◆ Records for the exercise:
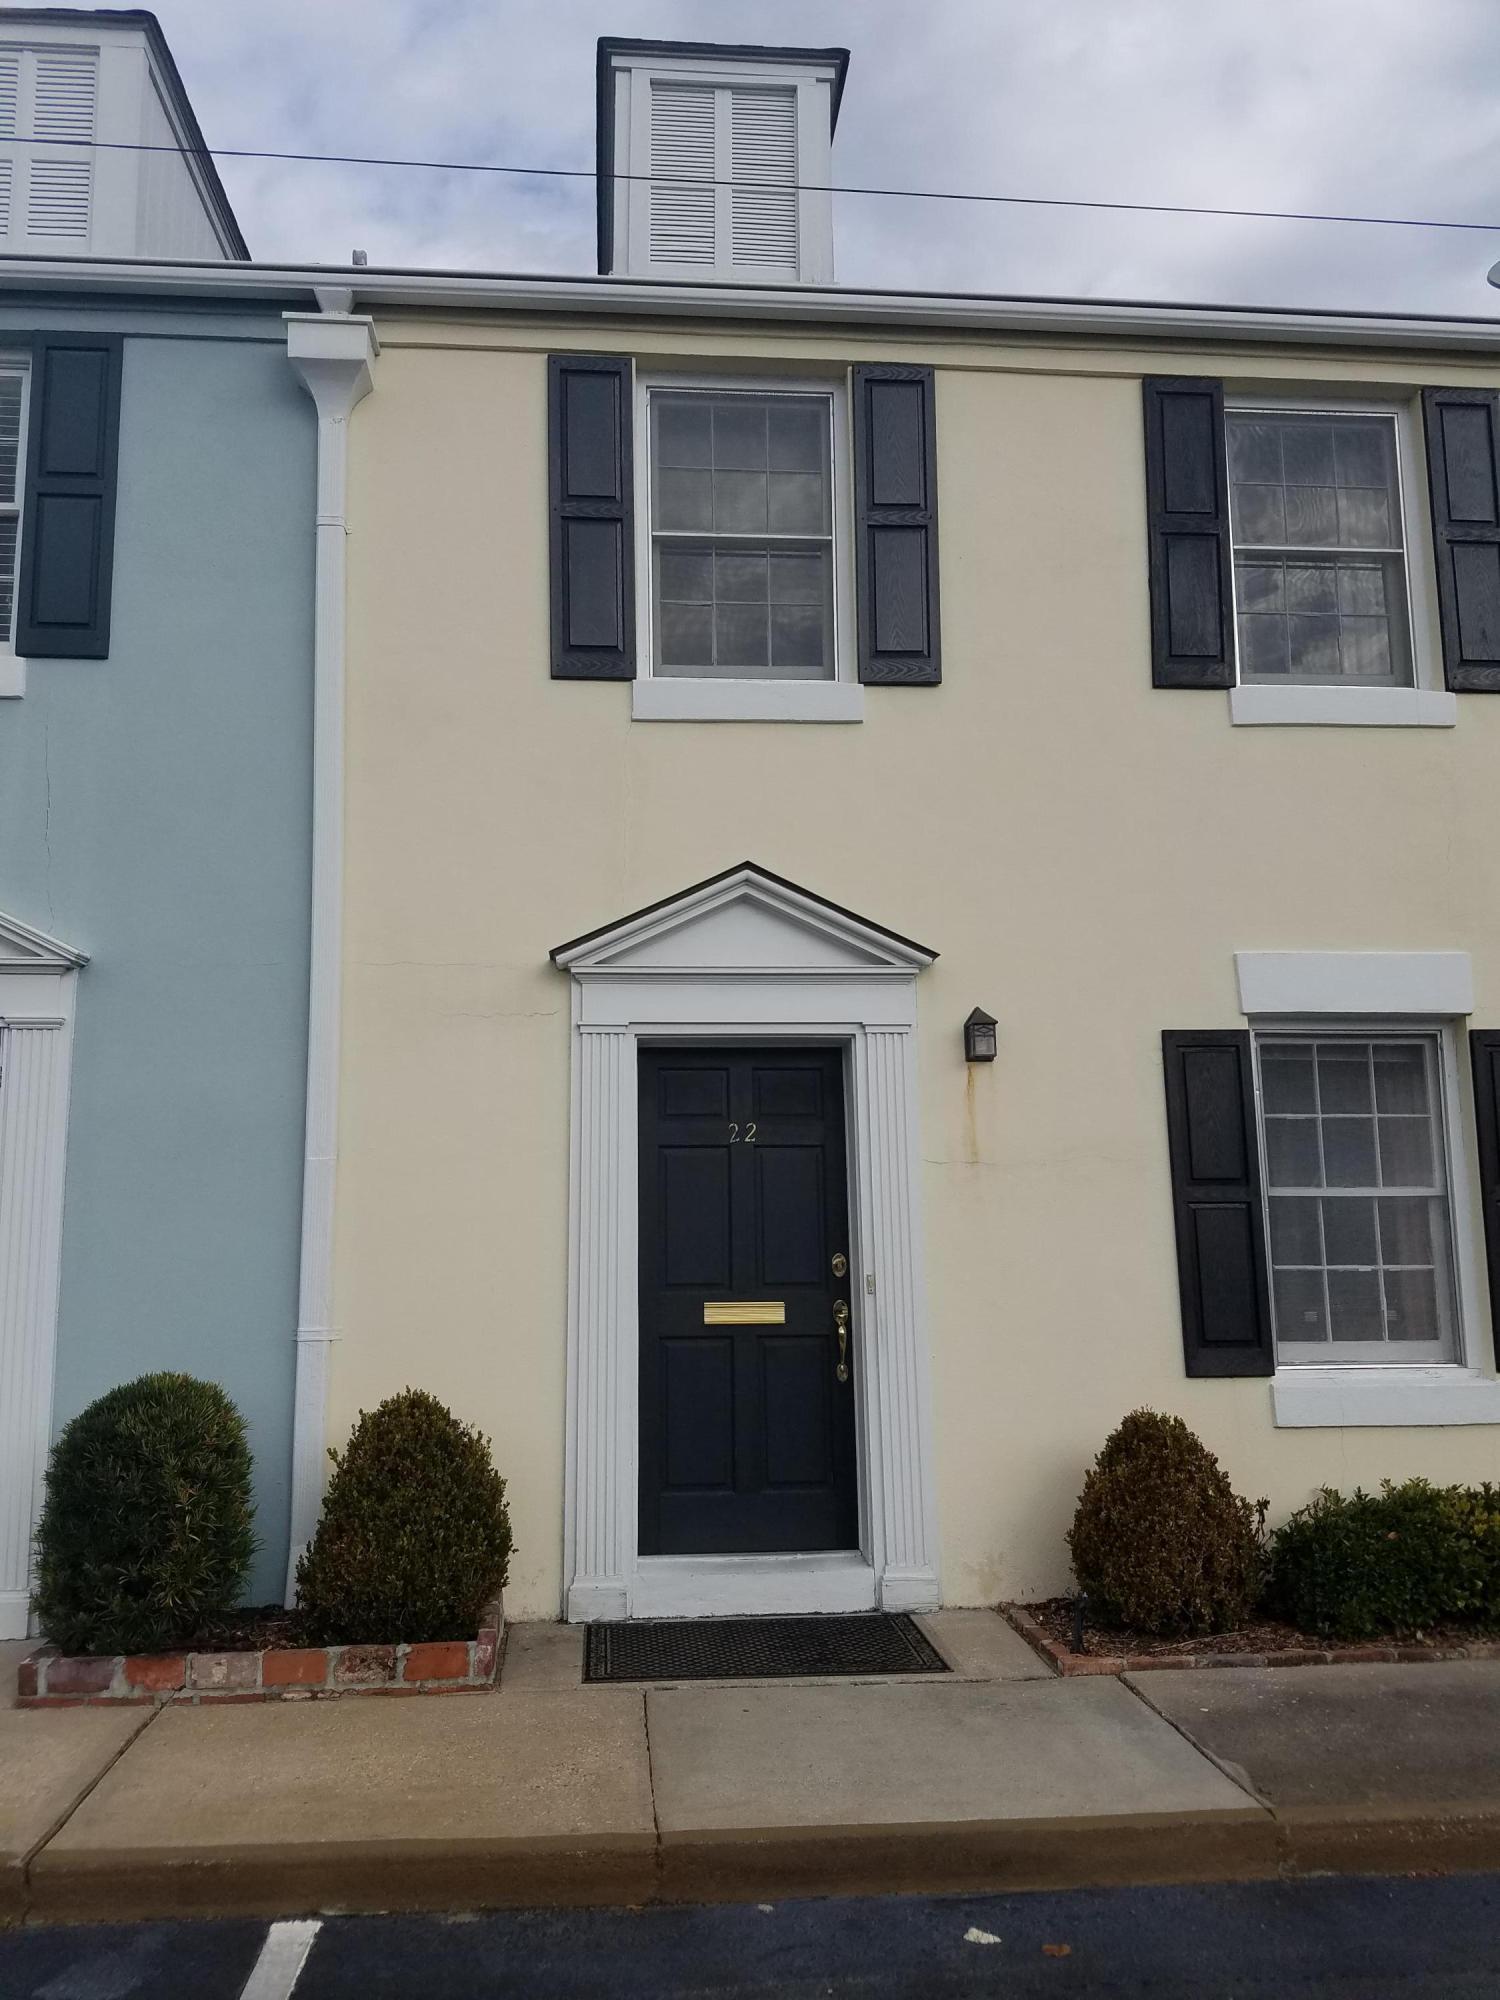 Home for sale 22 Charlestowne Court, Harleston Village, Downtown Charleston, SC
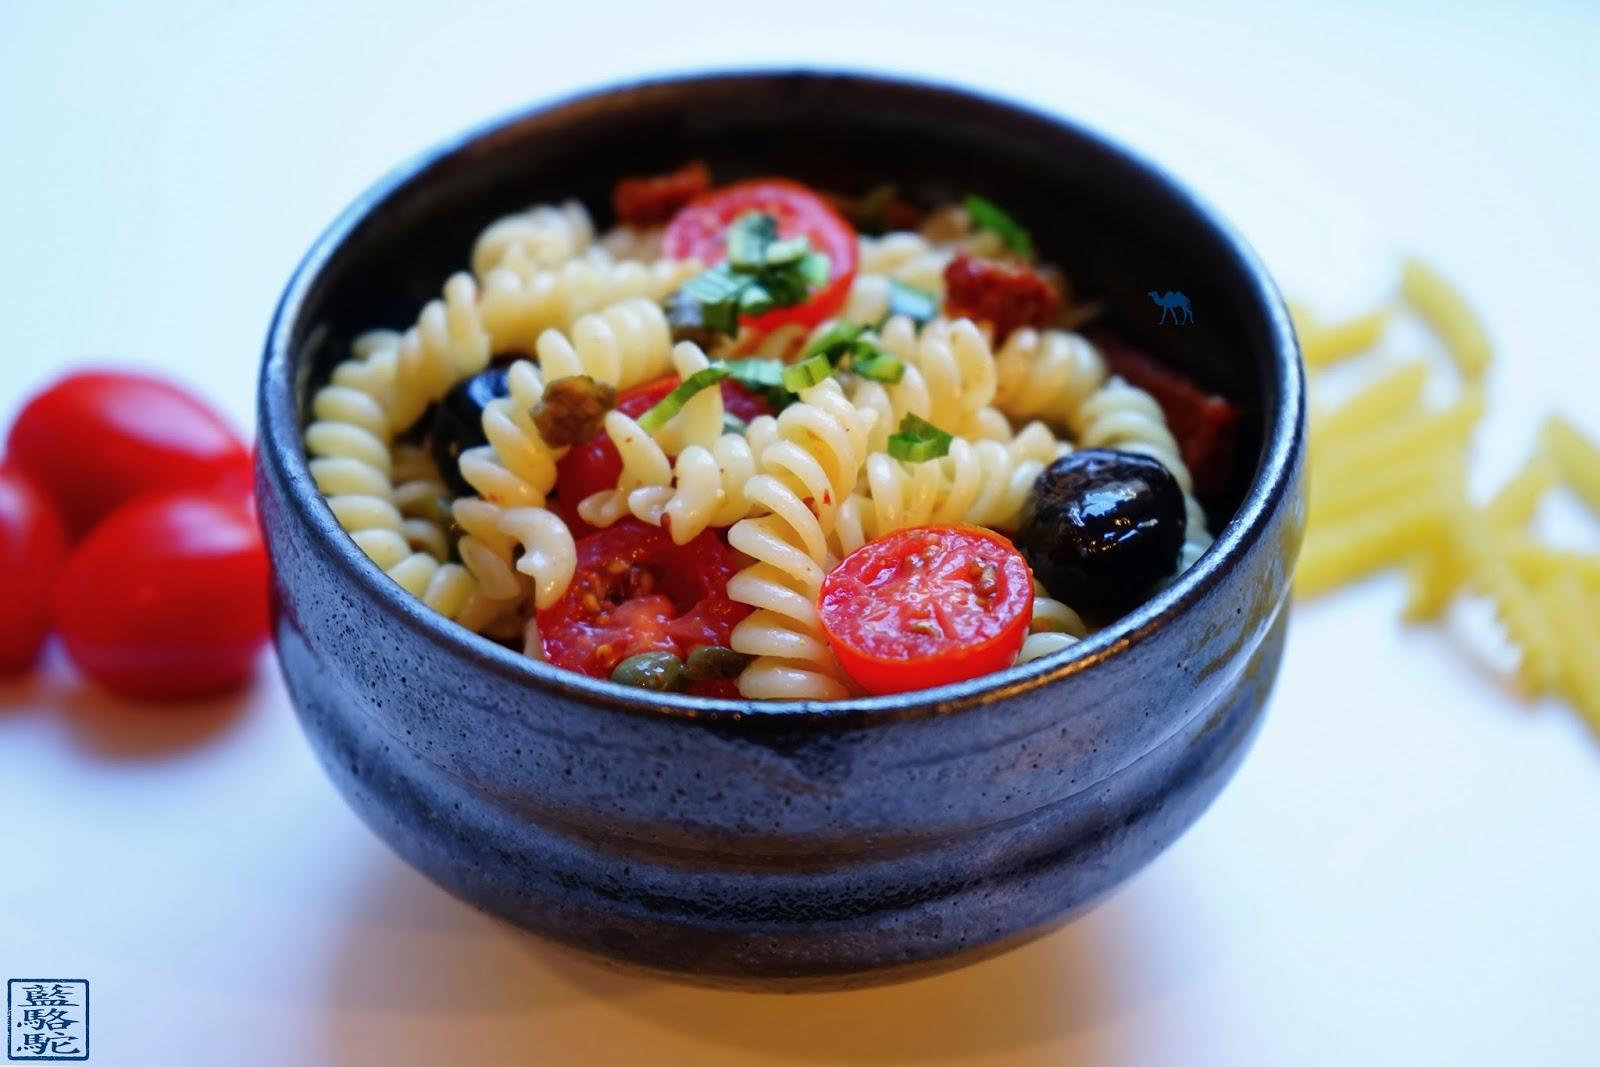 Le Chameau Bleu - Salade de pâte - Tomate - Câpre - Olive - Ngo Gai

==

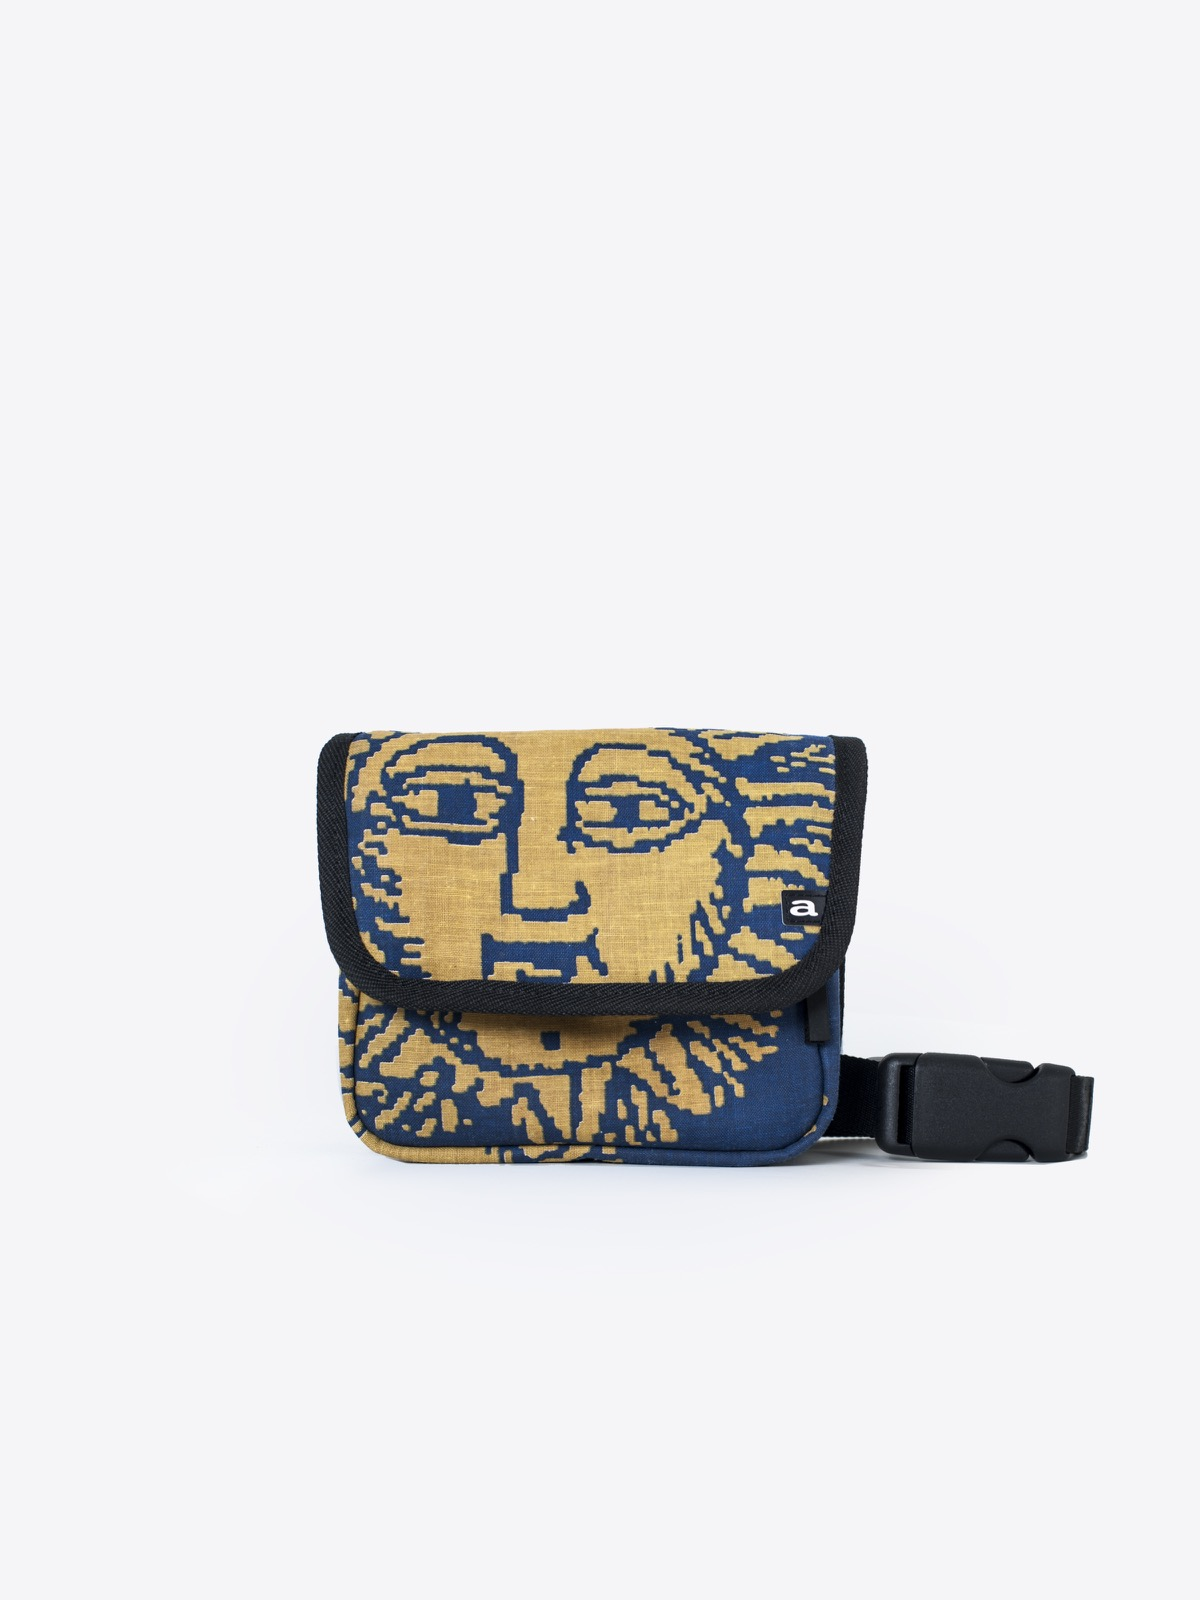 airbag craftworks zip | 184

◆ What to produce: Beginning with the line that contains "Home for sale", write out the lines of the material above exactly, and end with the line that contains "Le Chameau Bleu". Omit the pictures.

◆ Answer to the problem:
 Home for sale 22 Charlestowne Court, Harleston Village, Downtown Charleston, SC
 Le Chameau Bleu - Salade de pâte - Tomate - Câpre - Olive - Ngo Gai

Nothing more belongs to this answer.